Les titres V et VI supportent, en effet, pour des montants non négligeables, un certain nombre de dépenses qui, contrairement au respect du principe de spécialité budgétaire, ne correspondent pas à des dépenses d'équipement, et masquent surtout la réalité de l'effort français en la matière, tout en faussant les comparaisons internationales qui peuvent être effectuées sur des bases budgétaires.

· Tout d'abord , de façon paradoxale, et strictement contraire à la loi de programmation, le Budget civil de recherche et développement (BCRD) bénéficie, depuis 1996, d'un prélèvement sur le titre VI du budget de la Défense.

Pour 2001, les crédits prévus à ce titre s'élèvent à 1 250 millions de francs. Depuis le début de la loi de programmation, ils totalisent 4,15 milliards de francs.

· Par ailleurs, le budget de la Défense finance, en accord cette fois avec la loi de programmation, les dépenses liées aux restructurations des industries de défense, pour un total de l'ordre de 2 milliards de francs en 2001.

Ces dépenses transitent par le Fonds pour les restructurations de la Défense (FRED) et le Fonds d'adaptation industrielle (FAI). Le budget de la Défense finance en outre, au-delà du FAI, l'adaptation des structures industrielles de la Direction des constructions navales, ainsi qu'une participation à son plan d'entreprise (via le compte de commerce).

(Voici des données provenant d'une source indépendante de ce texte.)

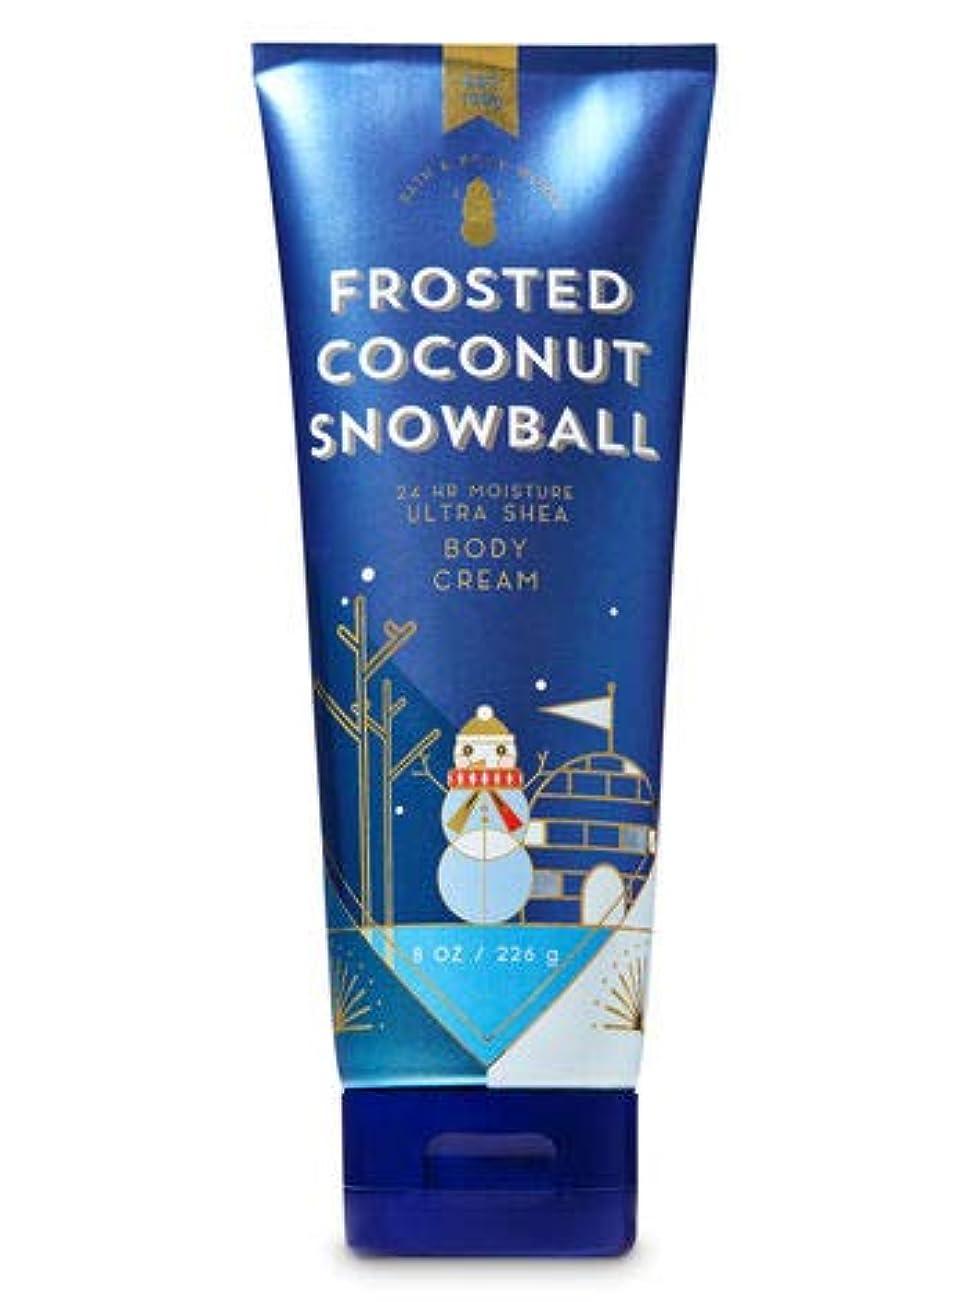 【Bath&Body Works/バス&ボディワークス】 ボディクリーム Frosted フロステッドココナッツスノーボール Ultra Shea Body Cream Frosted Coconut Snowball 8 oz / 226 g [並行輸入品]

Enfin, le budget de la Défense participe également, de façon plus indirecte par le financement de dotations en capital gagées par annulations de crédits en cours d'exercice, à la restructuration du GIAT.

· Enfin et surtout, le budget de la Défense supporte financièrement, sur ses crédits d'équipement, le poids des compensations considérables accordées au Territoire de la Polynésie française à la suite de l'arrêt des essais nucléaires et des activités du centre d'expérimentation du Pacifique.

Au total, depuis le début de la loi de programmation, l'" aide à la reconversion de l'économie polynésienne " a prélevé 3,3 milliards de francs d'autorisations de programme et 2,5 milliards de francs de crédits de paiement sur le budget d'équipement de la Défense. La convention signée le 25 juillet 1996 pose en effet le principe du maintien pendant dix ans des flux financiers annuels résultant de l'activité du CEP, évalués à 990 millions de francs, soit 10 milliards de francs au total.